Researchers at ETH Zurich have succeeded in developing a high-precision method for delivering therapeutic agents to the brain down to the millimeter. This method should allow psychiatric, neurological and oncological treatments to be undertaken with fewer side effects in future.



According to a press release, scientists at the Swiss Federal Institute of Technology in Zurich (ETH) have succeeded in delivering drugs exactly where they are needed in the brain. To achieve this, they used focused ultrasound waves. With this new method, it will in future be possible to deliver psychotropic drugs, chemotherapeutic agents and other types of medication only to those regions of the brain where this is medically desirable, with the blood and other areas of the brain remaining unaffected. This should ultimately serve to substantially reduce any eventual side effects.  

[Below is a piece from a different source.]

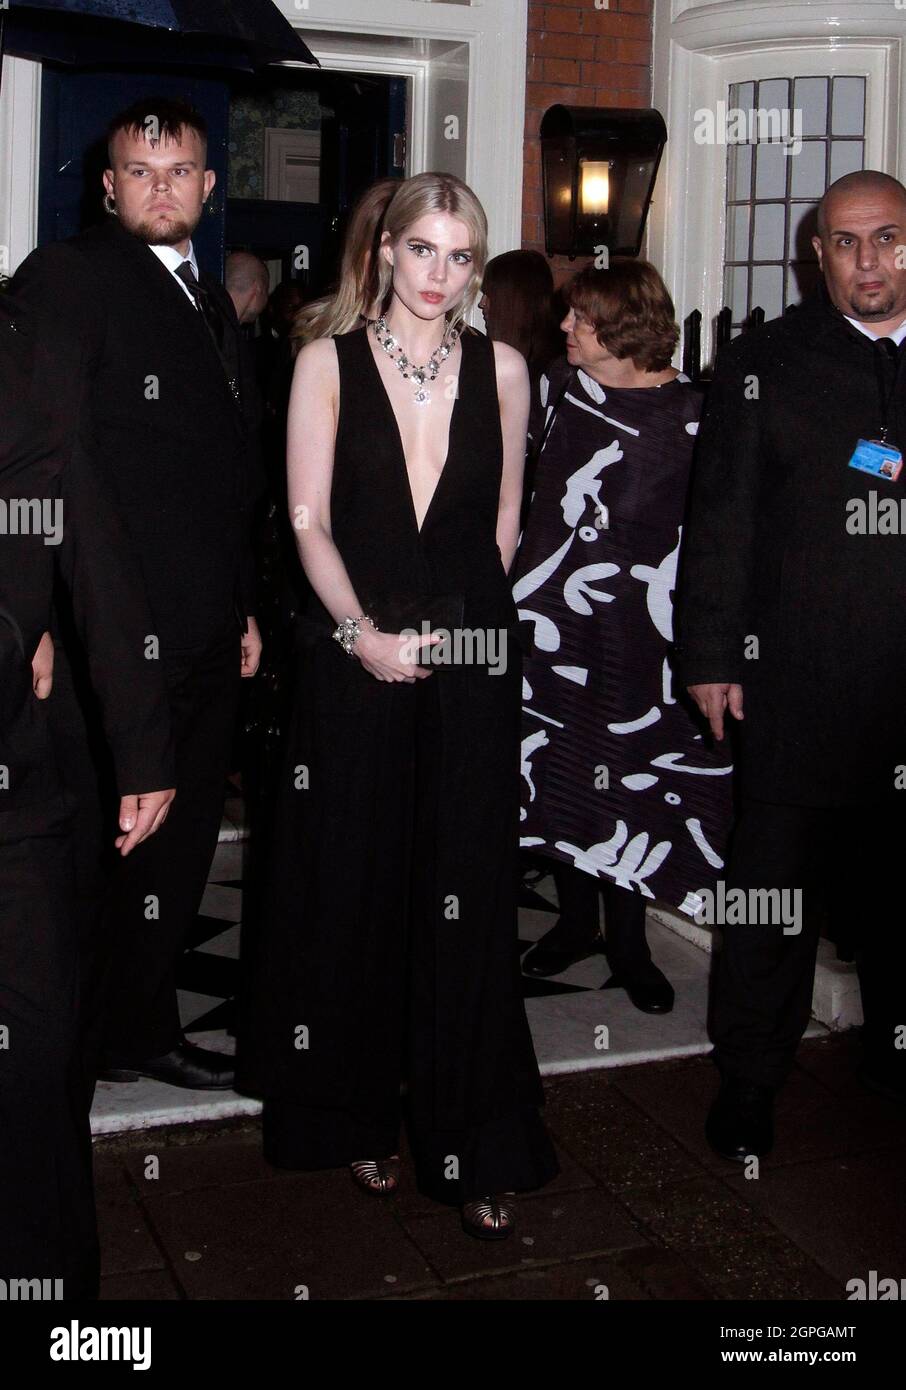 Rami Malek with girlfriend Lucy Boynton Daniel Graig and friend Ana De  Armas Billie Eilish Hans Zimmer Lea Seydoux and many others went to the 007  after party at marks club and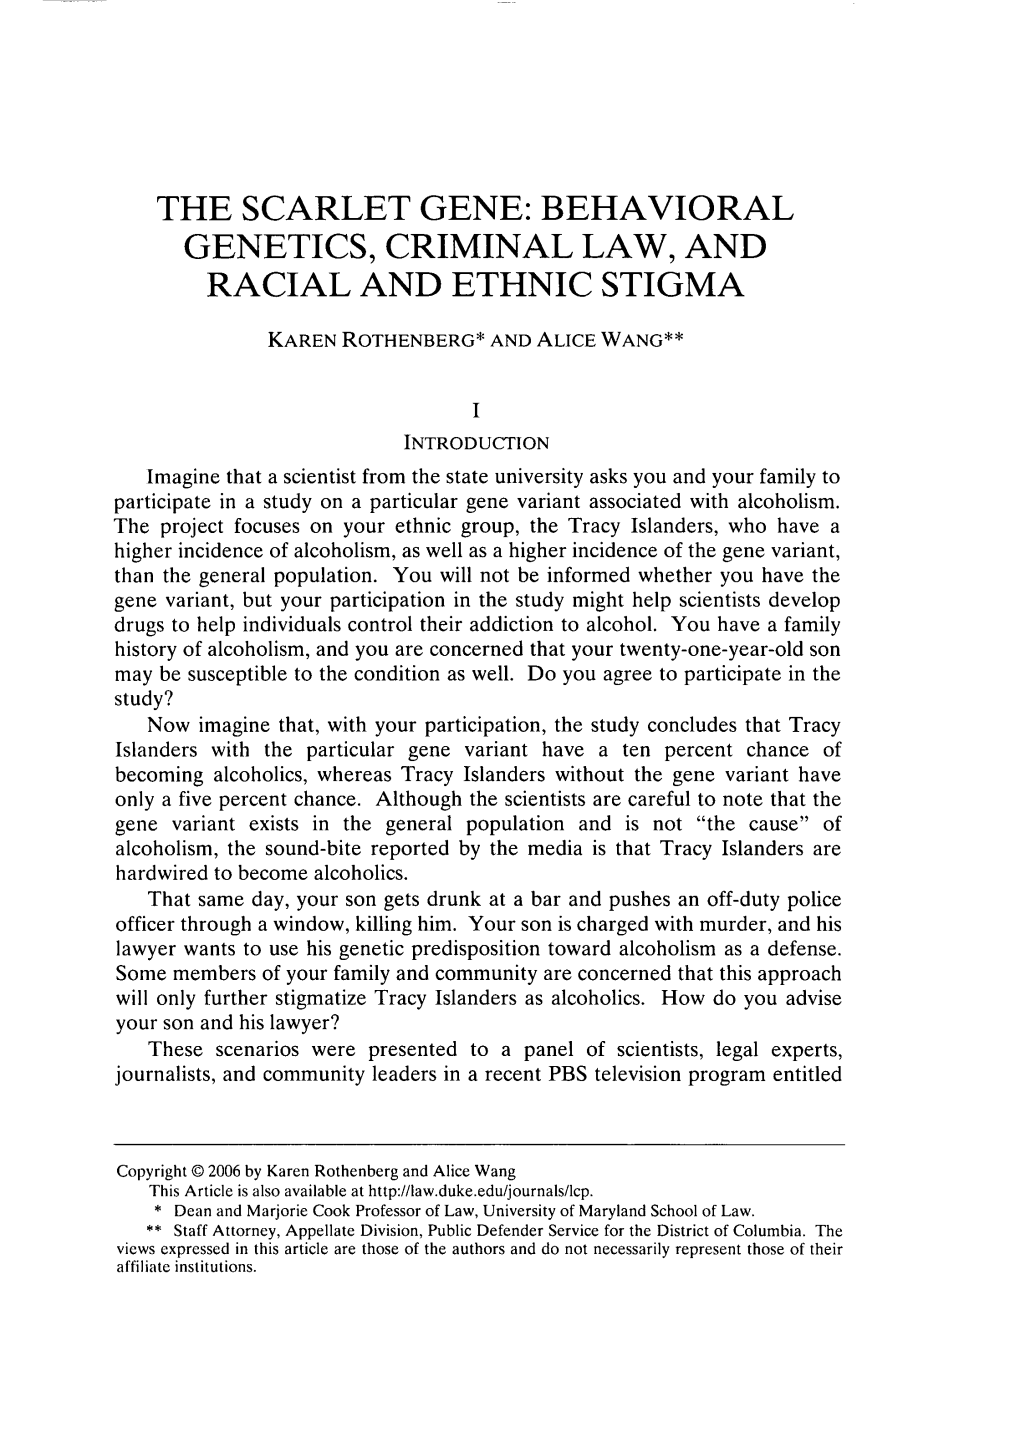 The Scarlet Gene: Behavioral Genetics, Criminal Law, and Racial and Ethnic Stigma

This non-invasive method is controlled from outside the head by way of ultrasound. It involves special drug carriers that wrap the drugs in spherical lipid vesicles. These are then attached to gas-​containing ultrasound-​sensitive microbubbles, which are injected into the bloodstream and transported to the brain. In the first step, the scientists employ low-energy ultrasound waves that ensure that the drug carriers congregate at the desired site within the brain. In the second step, the researchers use a higher level of ultrasound energy to make the drug carriers vibrate here. Frictional forces destroy the external membranes of the carriers, ensuring that the drugs are released and absorbed by the surrounding nerve tissue.

“Because our method aggregates drugs at the site in the brain where their effect is desired, we don’t need nearly as high a dose”, comments Mehmet Fatih Yanik, Professor of Neurotechnology and study director. During his research team’s experiments on rats, for example, they administered a dose of the drug that was 1,300 times lower than would ordinarily have been required. As the press release explains further, the researchers will only be able to advance the method in humans once the efficacy and benefits have been confirmed in animal models.

This research project was financed by the EU funding program Horizon 2020. The findings from this resultant study have now been published in the trade journal “Nature Communications”.